Rakitin, que avançava já, voltou-se, gritando:
— Como? É verdade que tinhas pensado nisso?
— Eu... vamos... pensar nisso, precisamente, não — balbuciou Aliocha. — Mas ao ouvir-te falar de maneira tão estranha, lembrei-me de que já me havia ocorrido algo semelhante...
— Ah, vês? Magnífico! Quando hoje olhavas teu pai e Mitya, pensavas num crime. Assim, não me enganei!
— Mas espera, espera um momento. Como chegaste a essa conclusão? O que te levou a pensar nisso? Isso é o principal!
— Duas perguntas diferentes, mas lógicas. Vamos por partes: em primeiro lugar, dir-te-ei como cheguei a esta conclusão. Nada me ocorreria se num dado momento não tivesse compreendido teu irmão Dmitri, vendo-lhe o mais recôndito da alma. Todos os homens se me revelam por um rasgo que lhes deixa o coração a descoberto. O teu irmão é desses homens honrados e veementes que têm um limite para além do qual transbordam, sem que os impeça um dique ou a censura de um pai. E o teu é um velho bêbado e depravado que não respeita limites; se são deixados sós, dirigem-se fatalmente para o abismo.
— Não, Micha, não! Se não é mais do que isso, ainda me dás ânimo. Não chegarão a tanto.
— Por que tremes? Olha, admitindo ainda que Mitya é honrado, bruto mas honrado, nunca deixará de ser um sensual. Este é o seu caráter essencial, a herança do sangue. Bem sabes, Aliocha, quanto admiro a tua pureza quando penso que és um Karamazov! Na tua família, a sensualidade apresenta-se sob um estado de aguda morbidez. Esses três sensuais espreitam-se mutuamente com o punhal no cinto. hão de partir a cabeça uns aos outros e talvez tu sejas o quarto.
— Se o dizes por causa dessa mulher, enganas-te. Dmitri... despreza-a — advertiu Aliocha com um certo gaguejar.
— A Gruchenka? Não, irmão, tira isso da cabeça! Como a há de desprezar se abandona a noiva por ela? Há nisso alguma coisa que tu não podes ainda compreender. Um homem prende-se por uma beleza, pela beleza física, ou por um pormenor do corpo de uma mulher. Um sensual pode compreender isto. É até capaz de abandonar os filhos e vende o pai e a mãe e a pátria inteira. Se é honrado, rouba; se é humanitário, mata; se ama a verdade, mente. Puchkine, o poeta dos pés femininos, celebra-os nos seus versos; outros não os cantarão, mas tão pouco os podem olhar sem se perturbar. E quem diz os pés, diz outras coisas. De nada serve o desprezo, irmão. Dmitri pode odiar Gruchenka, mas não pode arrancá-la da sua alma.
— Compreendo-o — suspirou Aliocha.
— Ah, sim? Acredito, acredito, porque não consideras o que dizes — insinuou Rakitin maliciosamente. — Falaste do ex abundantia cordis sem te dares conta de que fazias uma confissão preciosa. Isso indica que o sensualismo é para ti um assunto familiar, sobre o que cismaste muito. Ó alma virginal! És muito pacífico, Aliocha, um santinho. Mas só Deus sabe o que pensas e o que conheces já! És cândido, mas já perscrutaste o fundo do abismo.

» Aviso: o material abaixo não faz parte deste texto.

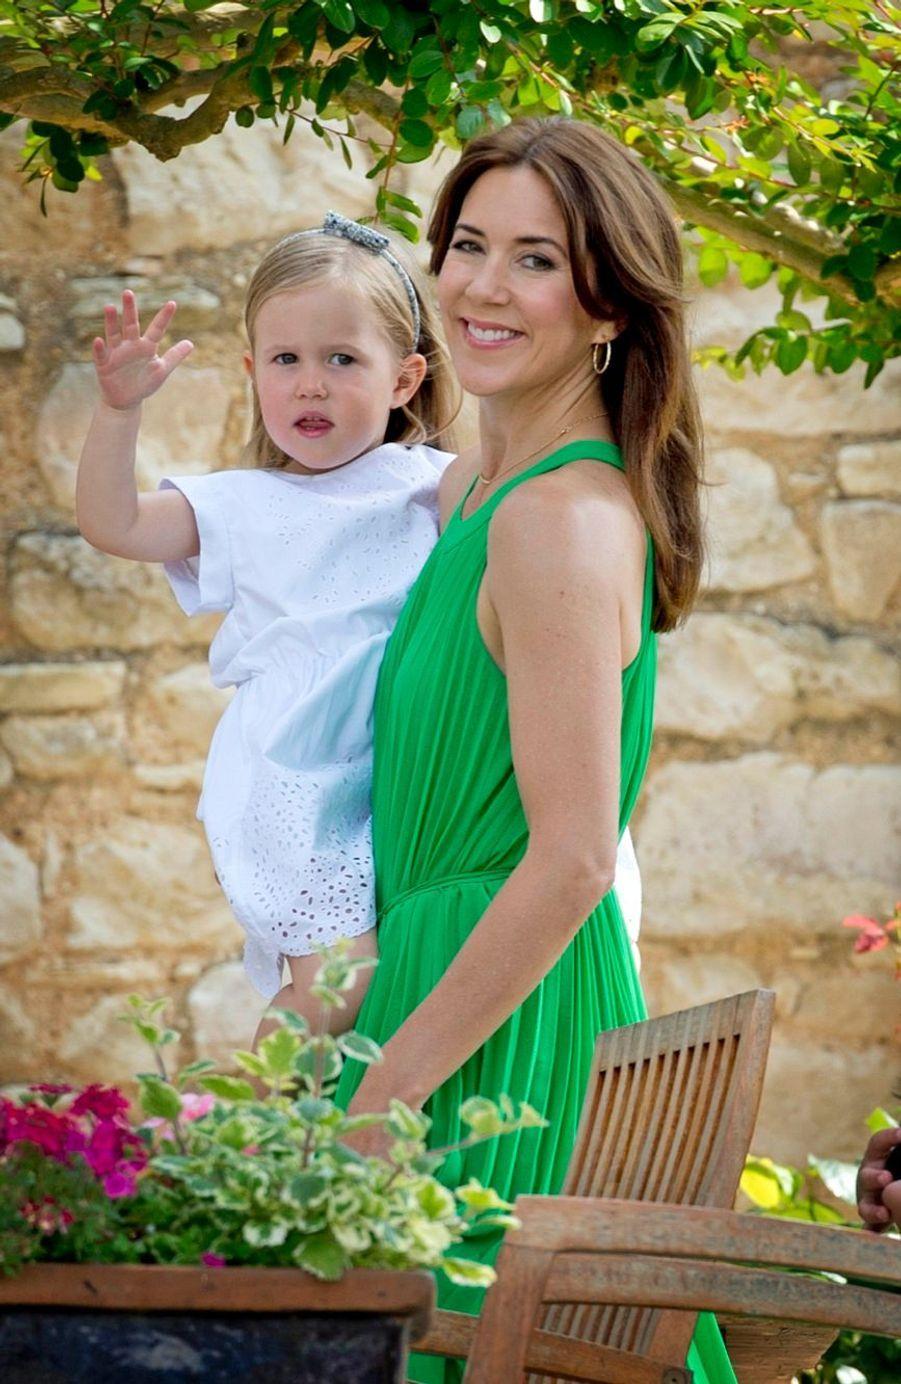 La princesse Joséphine en juin 2014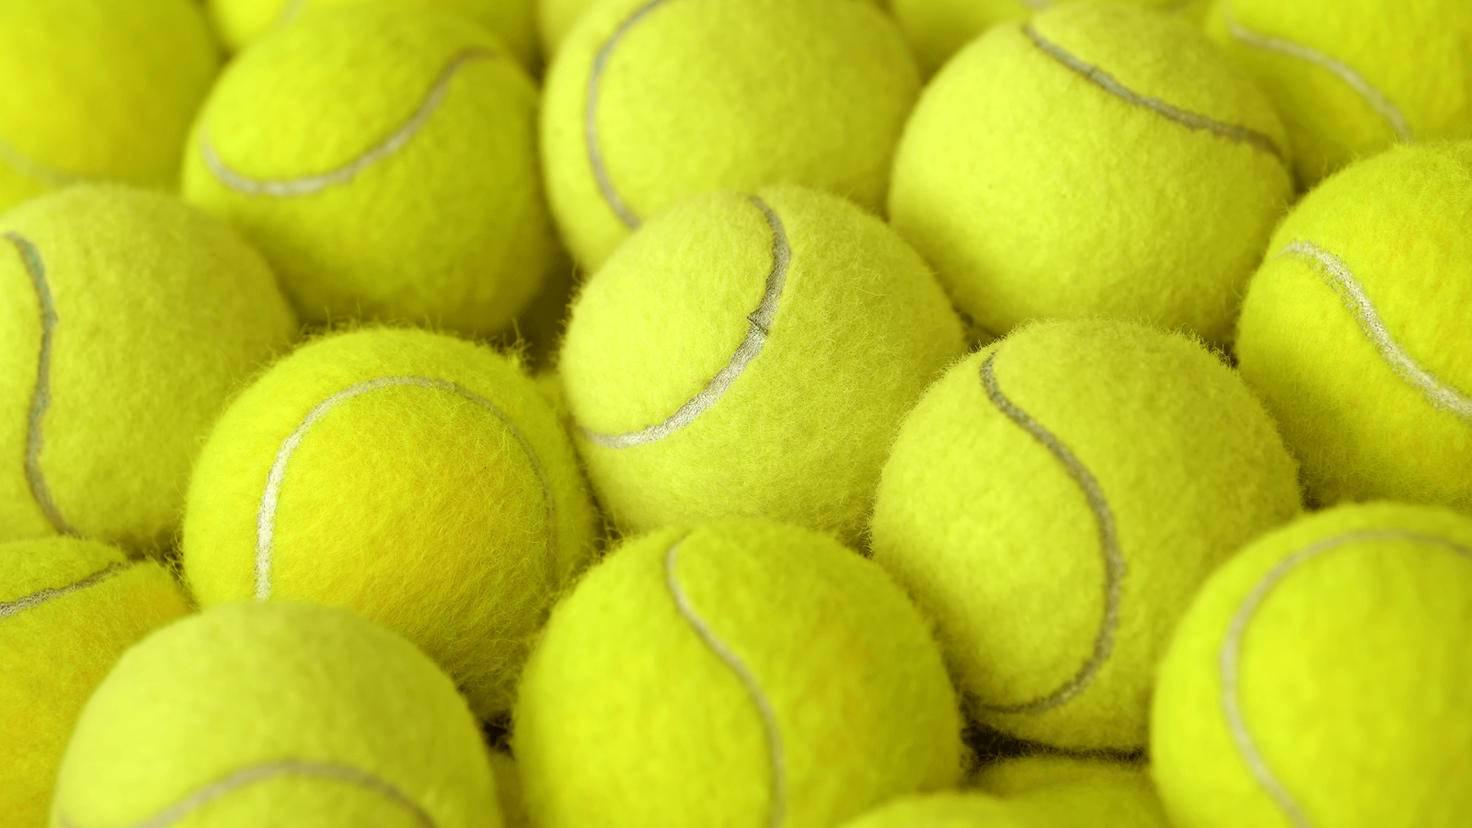 Tennisball-leisuretime70-AdobeStock_94972511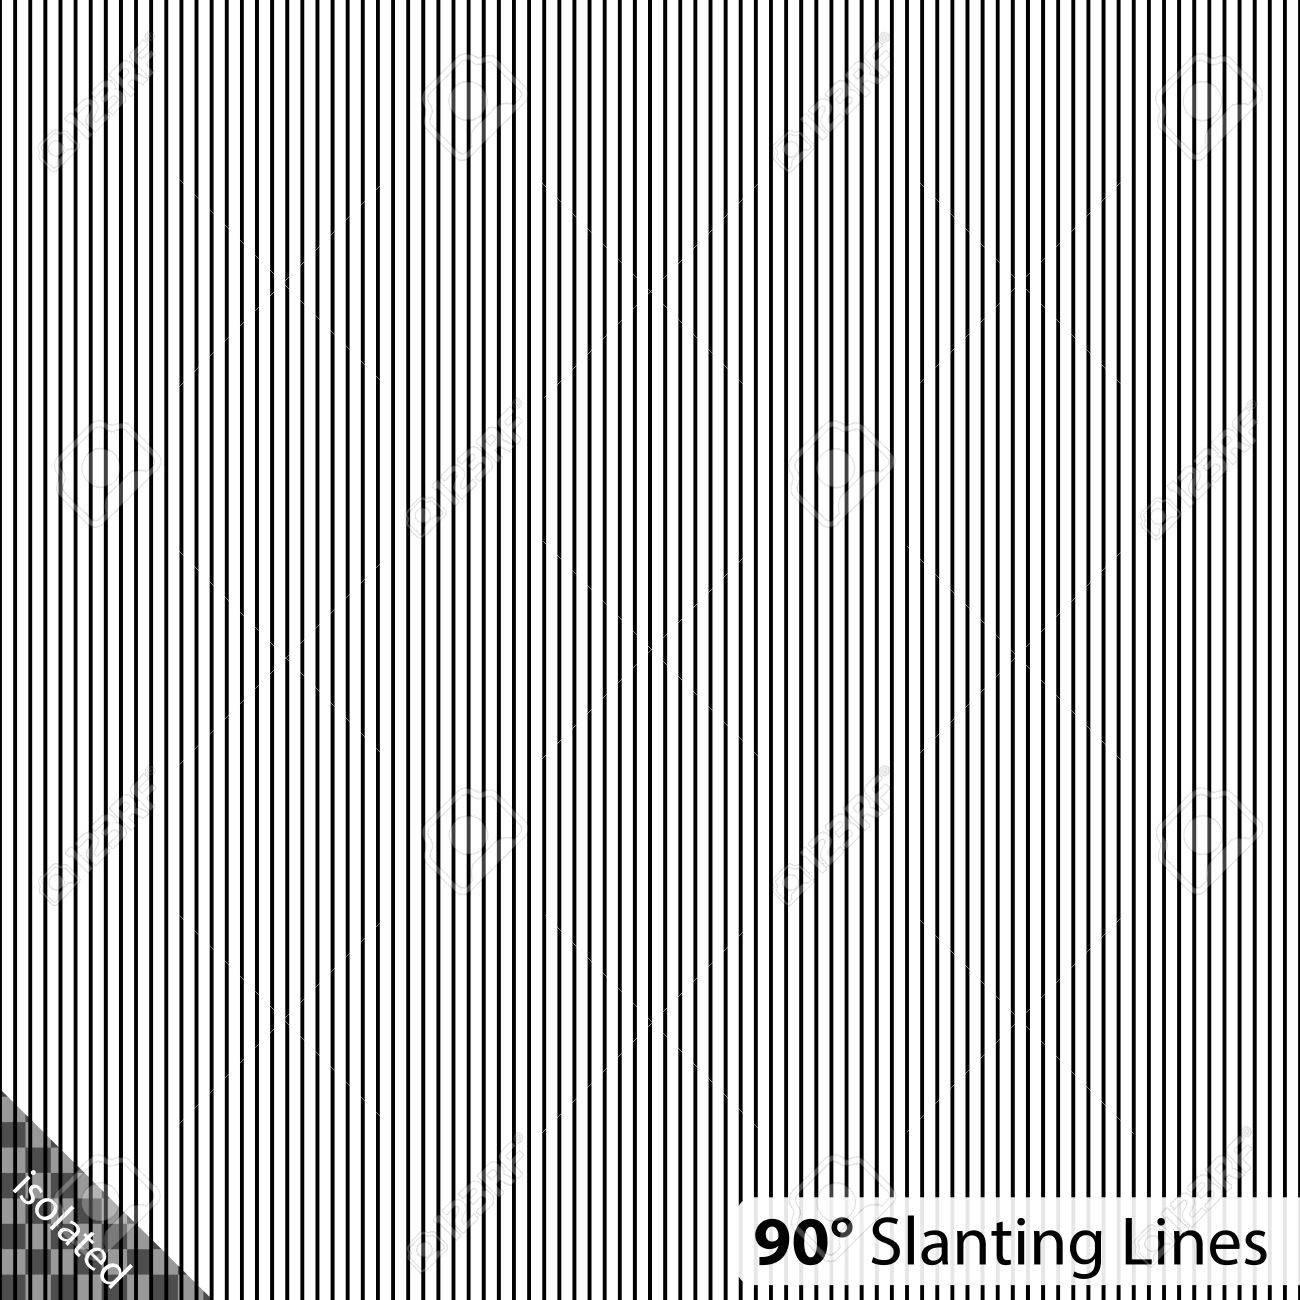 Simple 90 degree vertical Slanting Lines - 51749631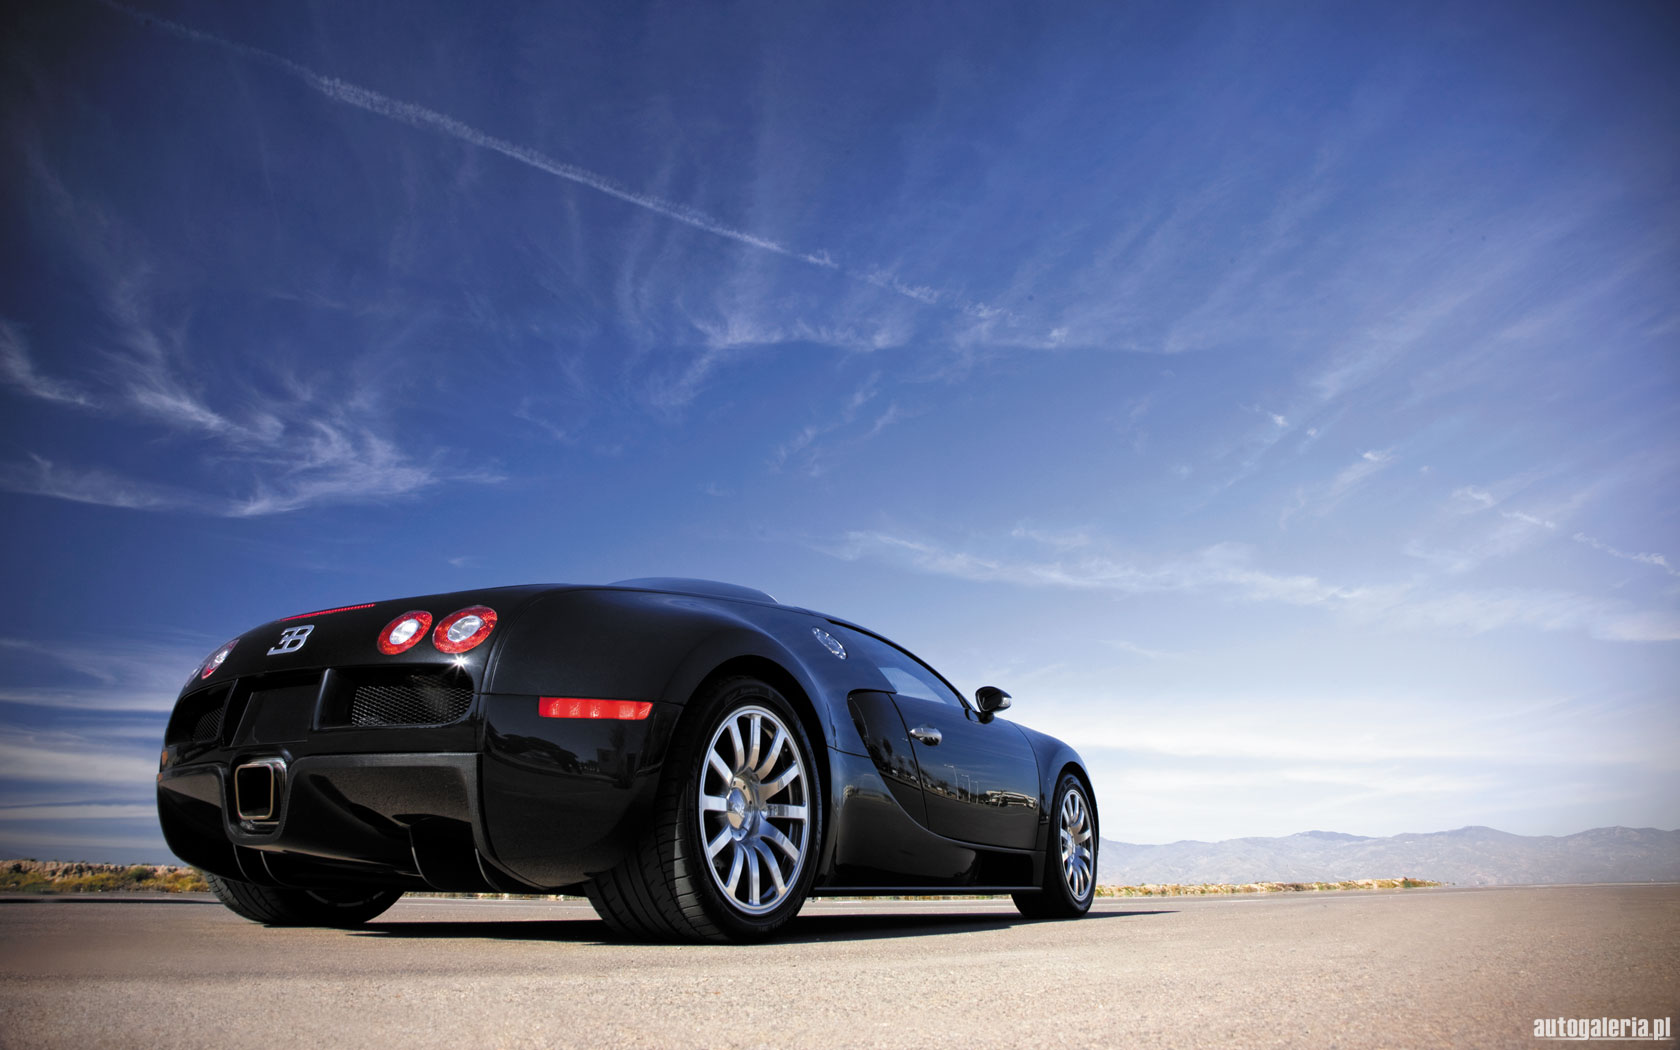 50 Super Sports Car Wallpapers That39ll Blow Your Desktop Away 1680x1050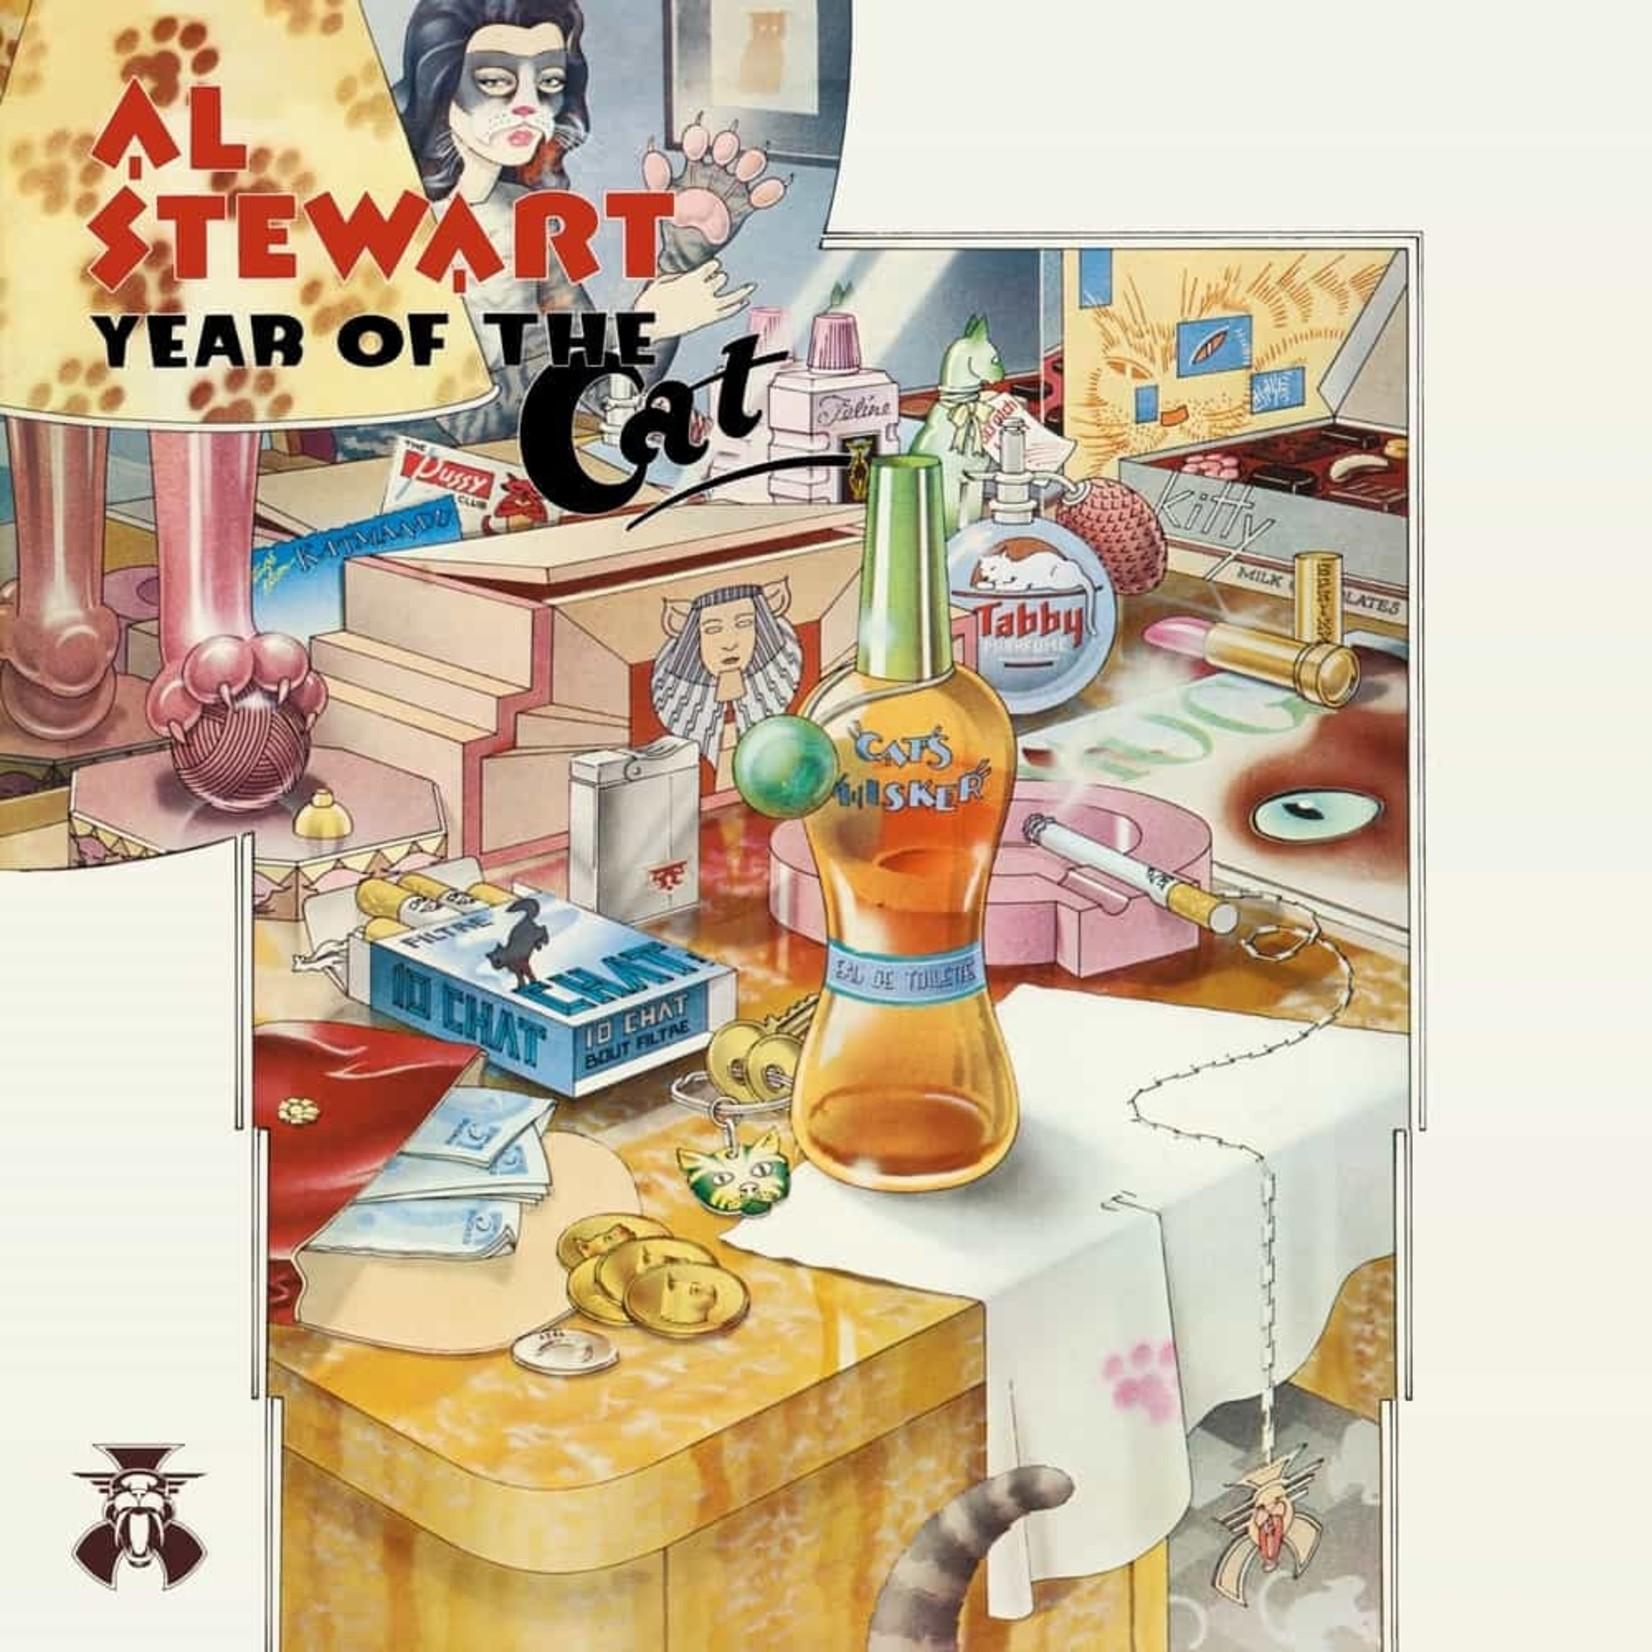 [Vintage] Stewart, Al: Year of the Cat

Há algum tempo que te observo!... És um Karamazov, um perfeito Karamazov, a voz do sangue fala em ti. És um voluptuoso por parte do pai e um «santinho» por parte da mãe. Por que tremes? Não direi a verdade? Sabes que Gruchenka me pediu que te levasse a vê-la? E não poderás imaginar com que empenho: «Traz-mo, traz-mo, e verás como o faço mudar de hábitos!» Inspiras-lhe um vivo interesse. Acredita, é uma mulher extraordinária!